Strengths and limitations of the study

To provide good quality throughout the research process, it is important to achieve the reliability that comprises credibility, trustworthiness, and transferability.18 A scattering of patients and their NoK that included different diagnosis, ages, and relationships meant that informants had different experiences and made it possible to highlight the supportive care from different angles, which strengthens the credibility. However, it would have been desirable that male NoK had been involved in the study, but patients could freely appoint relatives. Trustworthiness was strengthened by that all the informants were given the same information about the study and that the same initial questions were asked all informants according to the interview guide. This was made to avoid inconsistency which easily can occur when data collection is done over a long time period.18 Since this study was based solely on data from seven patients and seven NoK, the described findings are limited in terms of generalizability. However, the study appears to give a reasonably comprehensive picture of the experiences that can exist while waiting for a second lung transplantation (which is very rare) and, in this, we believe that the study can serve to inspire patient organizations, healthcare professionals, and social agencies to improve the supportive care for both patients and their NoK in the present situation.

Conclusion

Patients in need of a lung re-transplantation are extremely ill. It is essential to instil the patients and their NoK with hope for the future, but in parallel to support them with all facilities of palliative care. This study provides insights into the complex interaction between the experience of waiting for a second lung transplant and communication patterns, emotional states, social support and social roles between patients, NoK, healthcare professionals, and the health and social welfare system.

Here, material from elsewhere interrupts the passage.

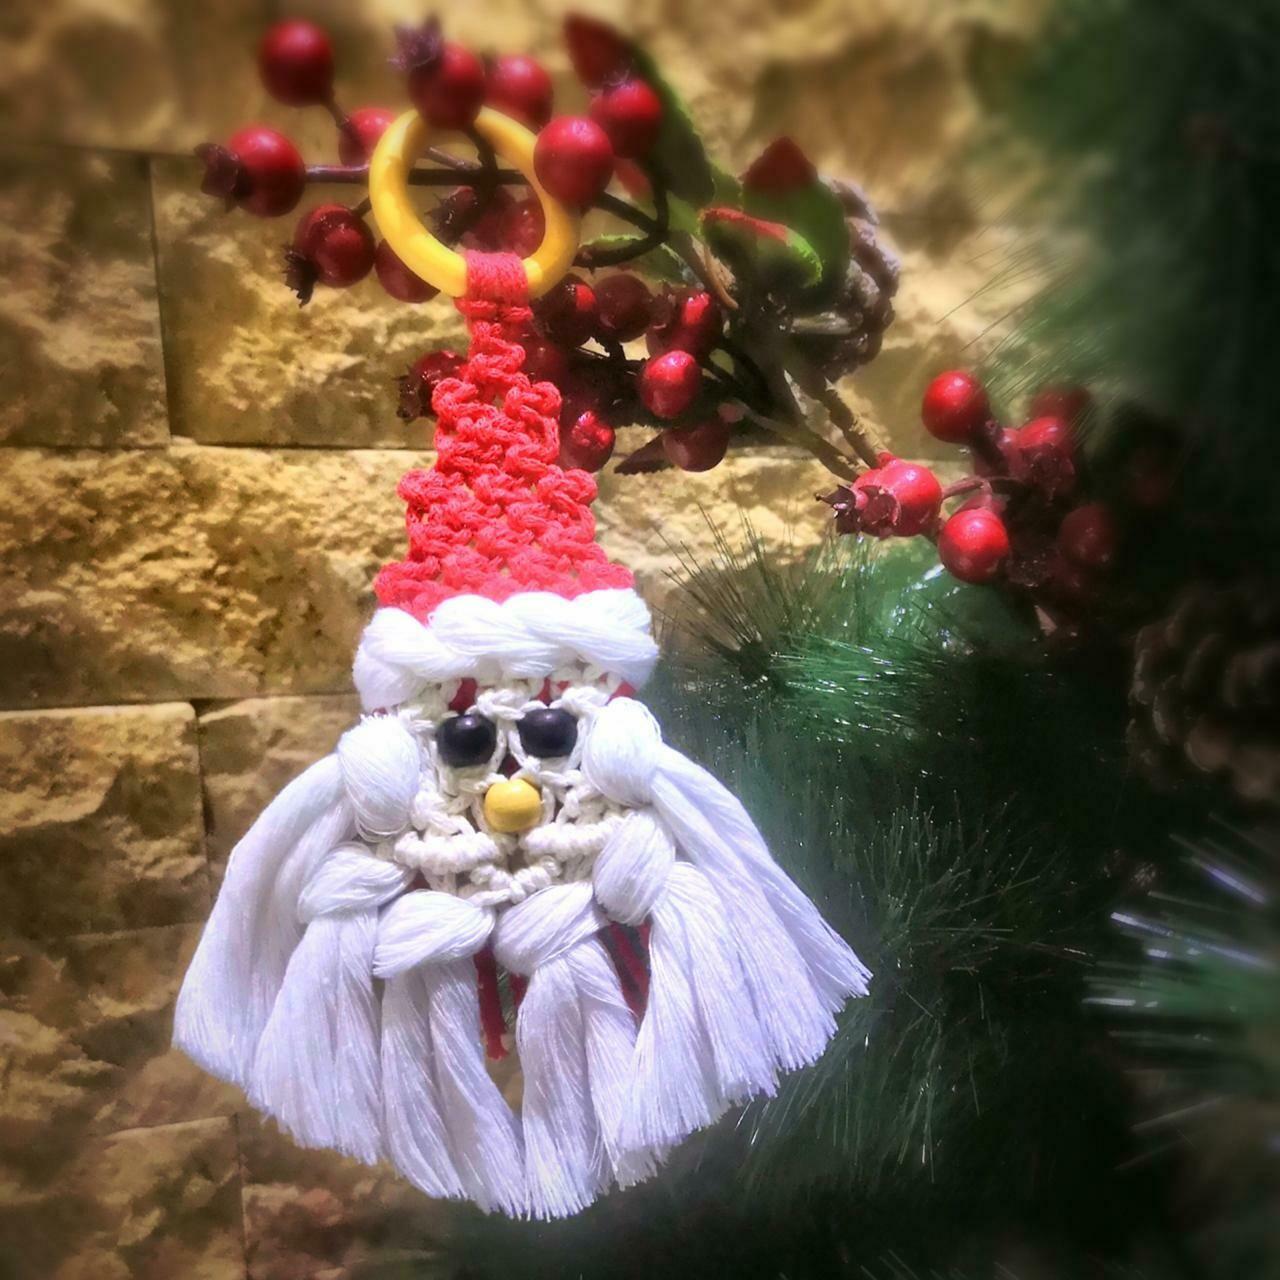 Macramé - Ornament Santa Claus (Piece) - Spot the Knot

Relevance to clinical practice

This suggests the need for developing better coordination between different healthcare actors and social agencies in order to achieve the best possible health for patients and their families despite their living within the confines of illness. One way is to developing supportive care programme to further improve the way in which care is offered to patients waiting for a second lung transplant.

Footnotes

Declaration of conflicting interests: The author(s) declared no potential conflicts of interest with respect to the research, authorship, and/or publication of this article.

Ethical approval: Ethical approval for this study was obtained from The Regional Ethical Review Board in Lund, Sweden (Ref. No. LU 638/2008).

Funding: The author(s) disclosed receipt of the following financial support for the research, authorship, and/or publication of this article: This study was supported, in part, by a grant from The Swedish Cystic Fibrosis Association.

Informed consent: Written informed consent was obtained from all subjects before the study and verbal informed consent was obtained from all subjects before the study.